Хорошо было, просто, весело всем.
Но больше всех веселились, смеялись громче, танцевали бешеней других человек тридцать студентов, те самые, что нынче утром, закутанные плащами, с оружием, собирались на площади перед дворцом, ожидая развода и не дождавшись его.
Пить ничего почти не пила эта компания, обратившая на себя общее внимание своим оживлением. Но без вина пьянило их веселье, молодость… да еще ожидание завтрашнего важного, рокового дня.
Последними вышли все тридцать из собрания, когда уж звезды стали блекнуть и сереть принялось предрассветное, мрачное небо.
Из целой компании только человек пять, заведомые «философы», безбожники закоренелые, прямо домой спать пошли, распевая студенческие и патриотические песни во все горло, вызывая неодобрительное покачивание головой со стороны ночных сторожей и будочников, дремлющих по углам, окрики и брань со стороны конных патрулей, разъезжающих по уснувшей, усталой столице…

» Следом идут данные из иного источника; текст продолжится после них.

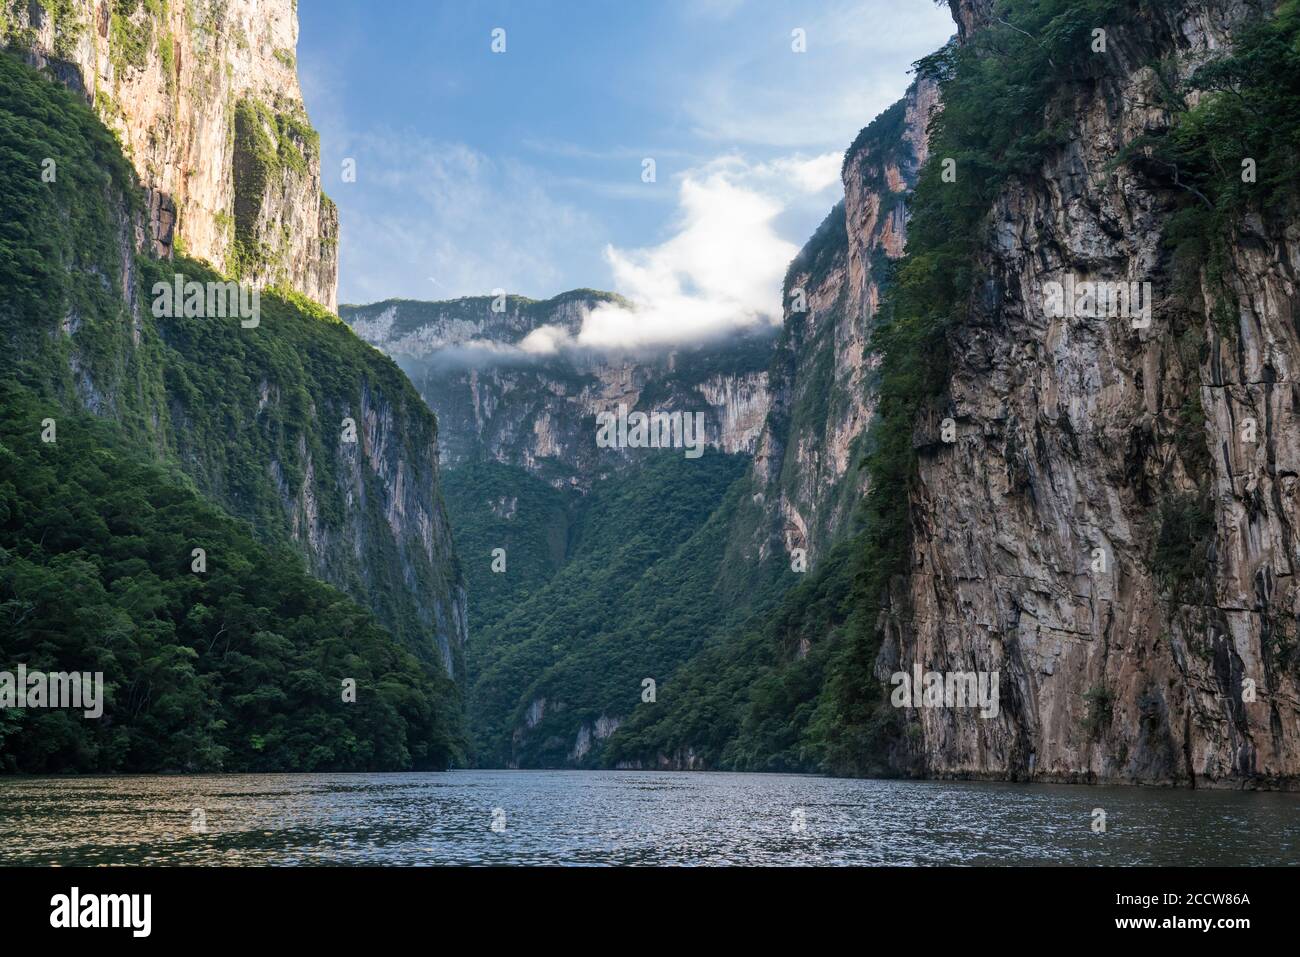 Der Grijalva Fluss bildete die schieren Felswände des Sumidero Canyon National Park, Chiapas, Mexiko Stockfoto

На углу Уяздовской аллеи двое из студентов имели необычайную встречу. Знакомая Варшаве коляска цесаревича пронеслась по пустынному простору, и в ней темнела тяжелая фигура самого Константина в его обычной шинели с тройным воротником. Это он ночью, без всяких спутников объезжал посты и проверял, исправно ли ездят патрули, согласно его приказу…
— До свидания, до завтра! — крикнул громко один студент вслед экипажу. Но ветер отнес слова… Да и сидящий в экипаже был слишком утомлен объездом, дремал и не расслышал странного привета юноши…
Дробно рокотали копыта коней по снежной мостовой, быстро и плавно катился экипаж по направлению Бельведерского дворца.
А остальные студенты, человек двадцать пять, побродив по пустынным улицам для освежения головы, первыми вошли под своды храма отцов кармелитов, что на Краковском предместье.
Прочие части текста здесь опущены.